> **Recorded data**:
== Segment start ==
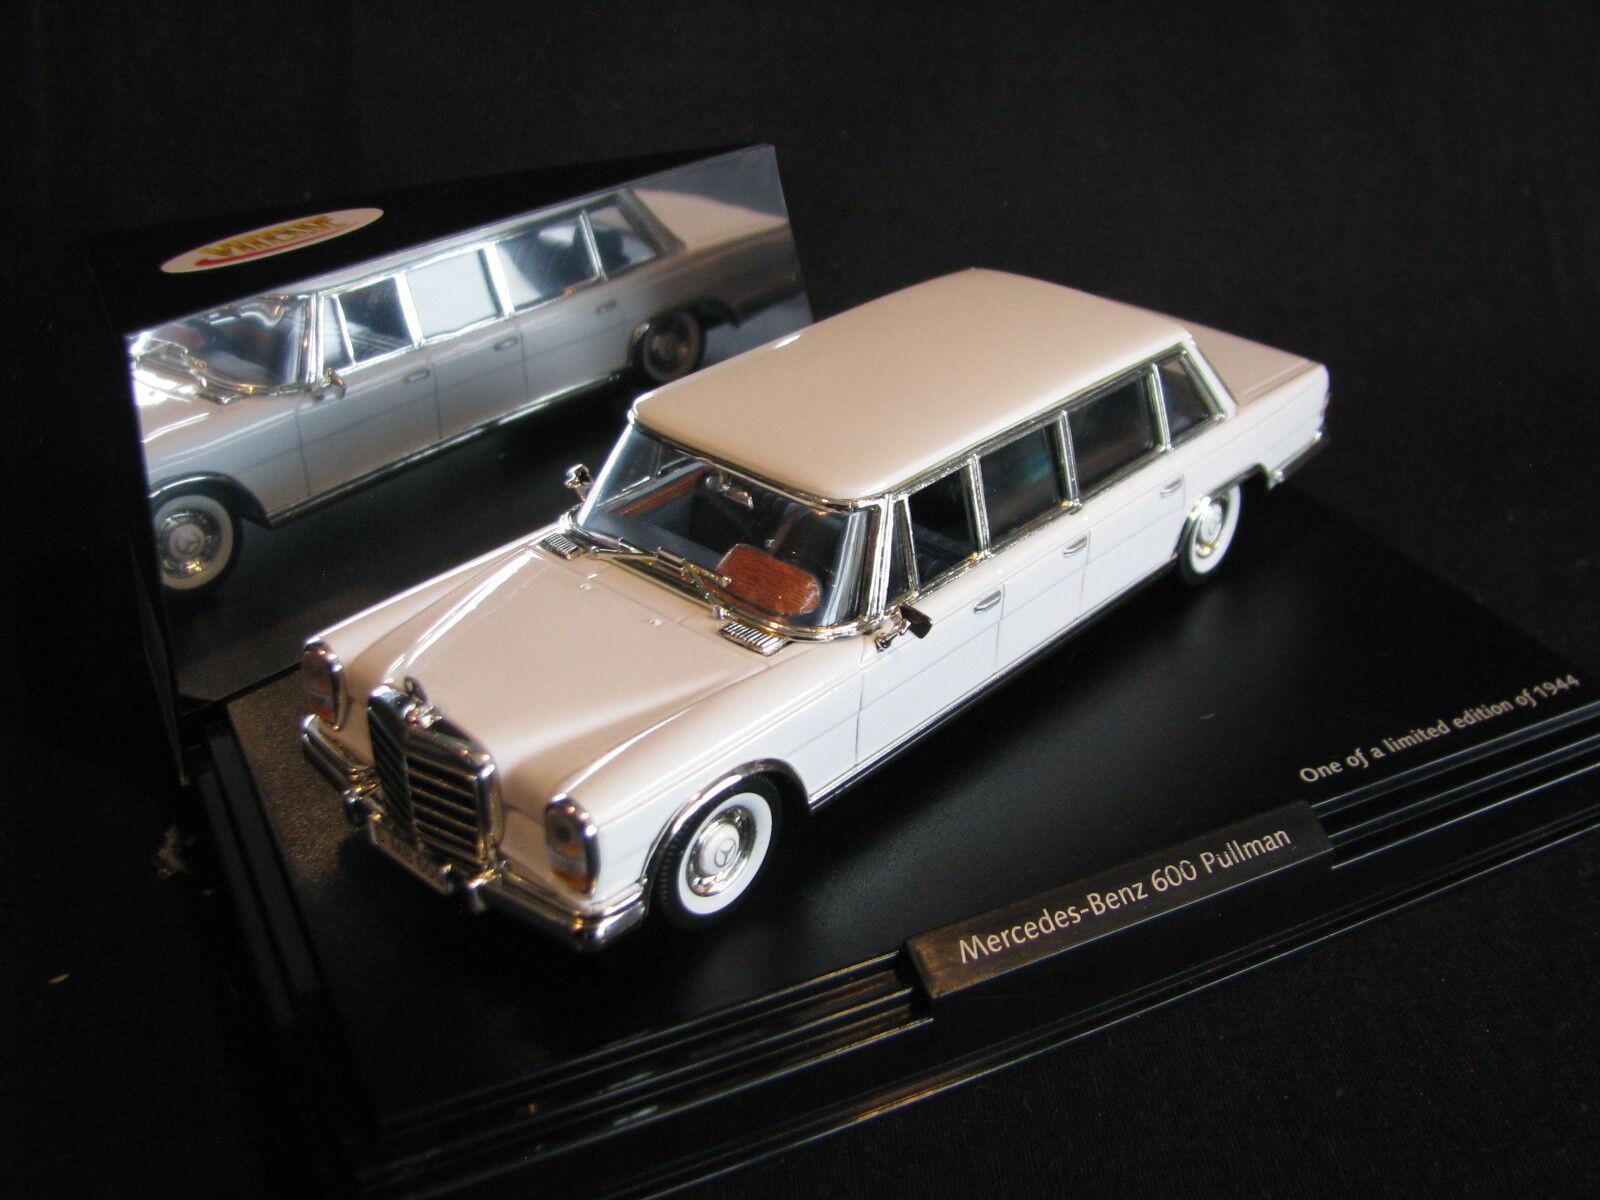 Vitesse Mercedes-Benz 600 Pullman 1 43 White (JS)
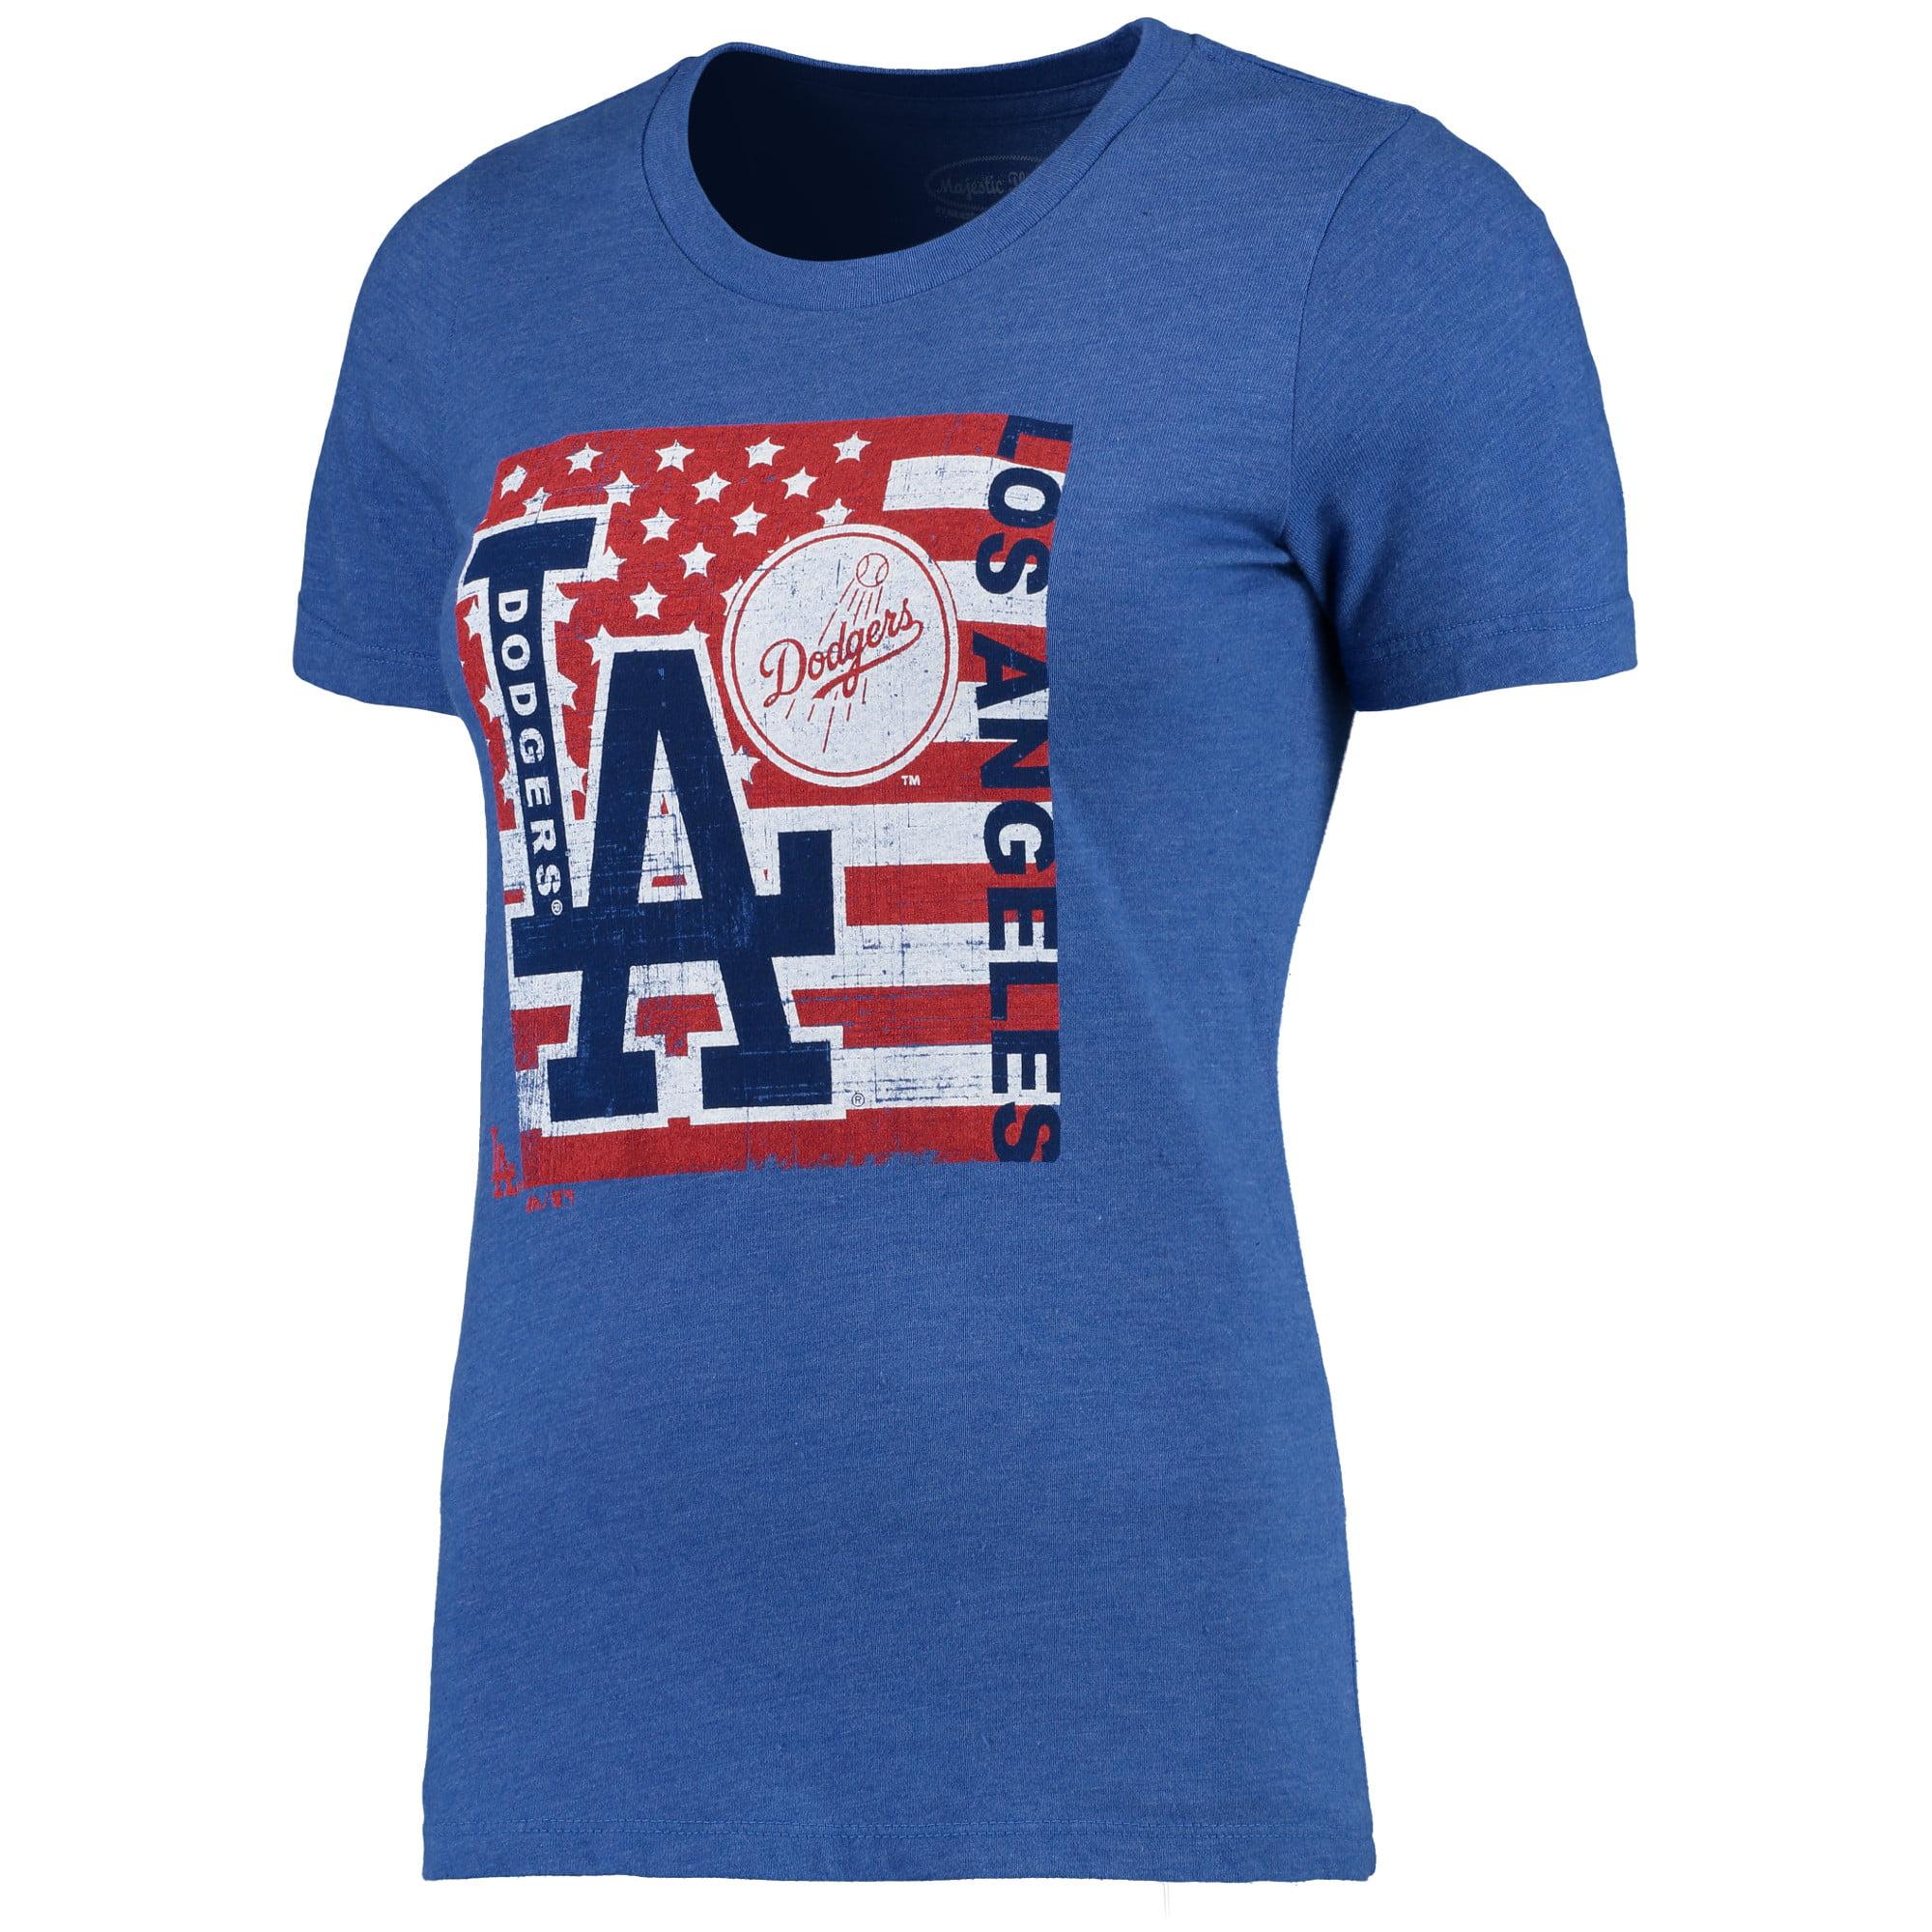 Los Angeles Dodgers Majestic Threads Women's Stars & Stripes Flag T-Shirt - Royal
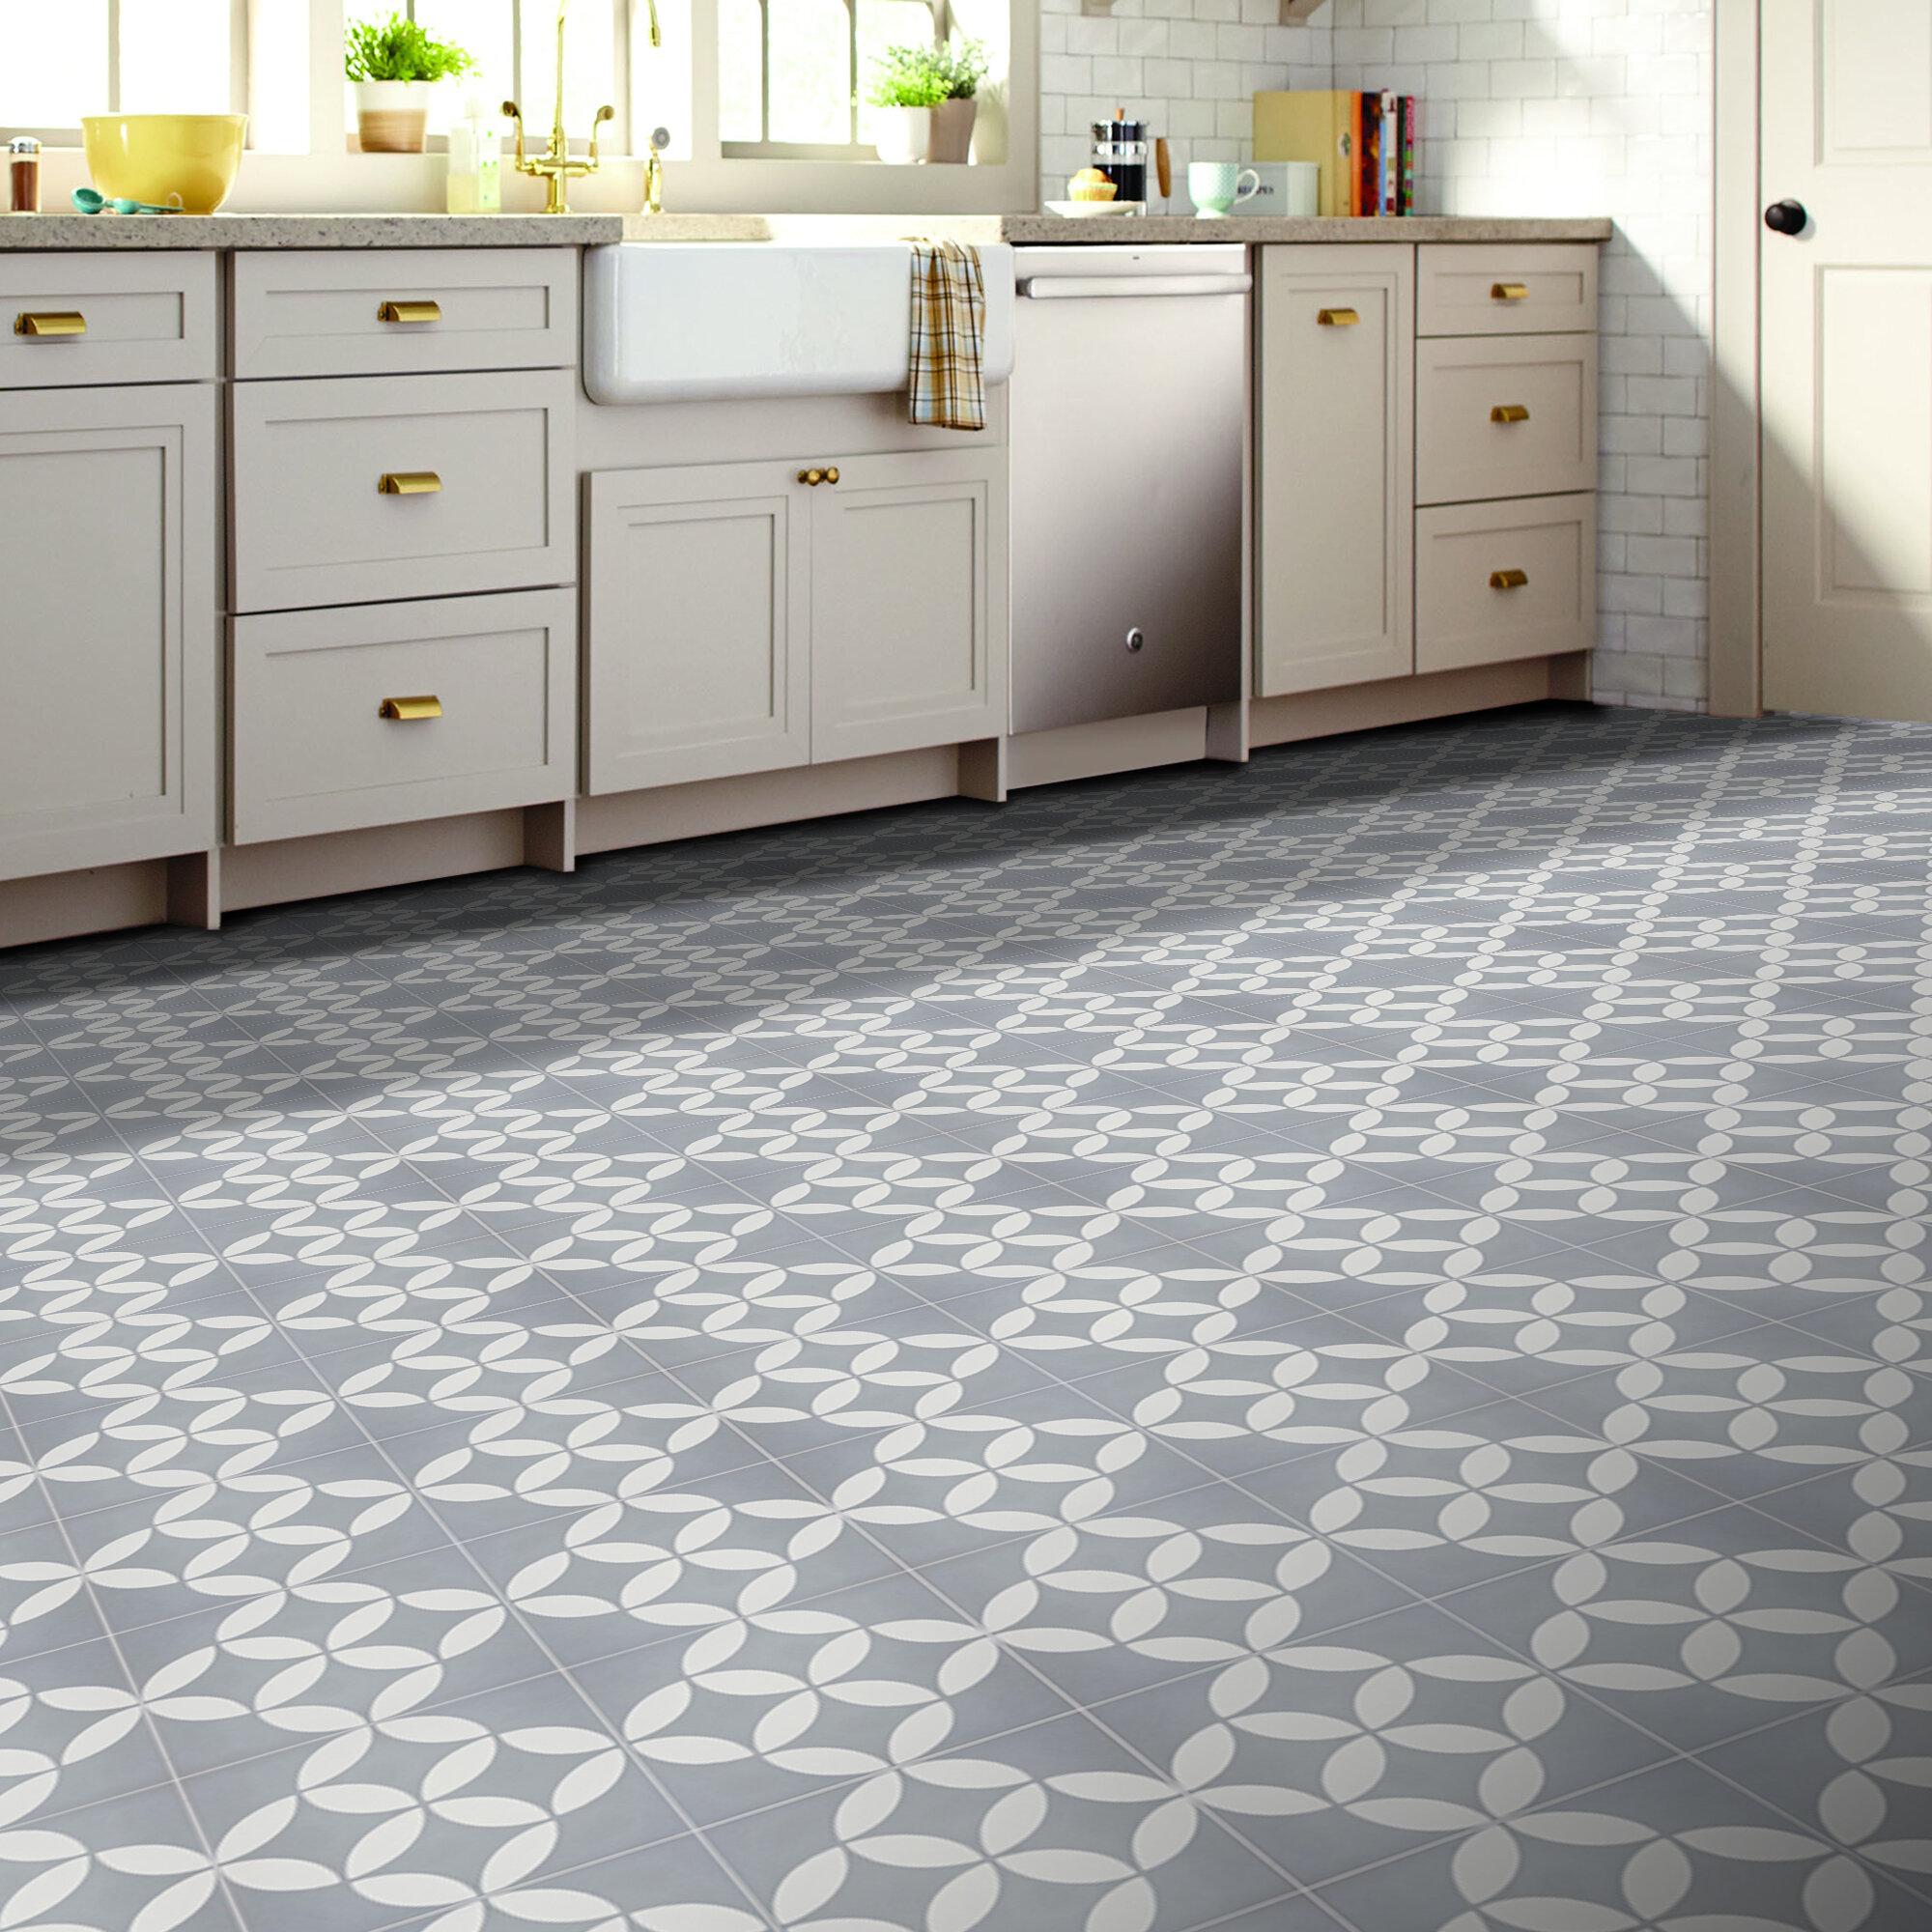 Moroccan Mosaic Tile House Amlo Handmade 8 X 8 Cement Field Tile Wayfair
== Segment end ==
> **Instructions to follow**:
Return all the material exactly, pictures excluded.

> **Result**:
 Vitesse Mercedes-Benz 600 Pullman 1 43 White (JS)
 Los Angeles Dodgers Majestic Threads Women's Stars & Stripes Flag T-Shirt - Royal
 Moroccan Mosaic Tile House Amlo Handmade 8 X 8 Cement Field Tile Wayfair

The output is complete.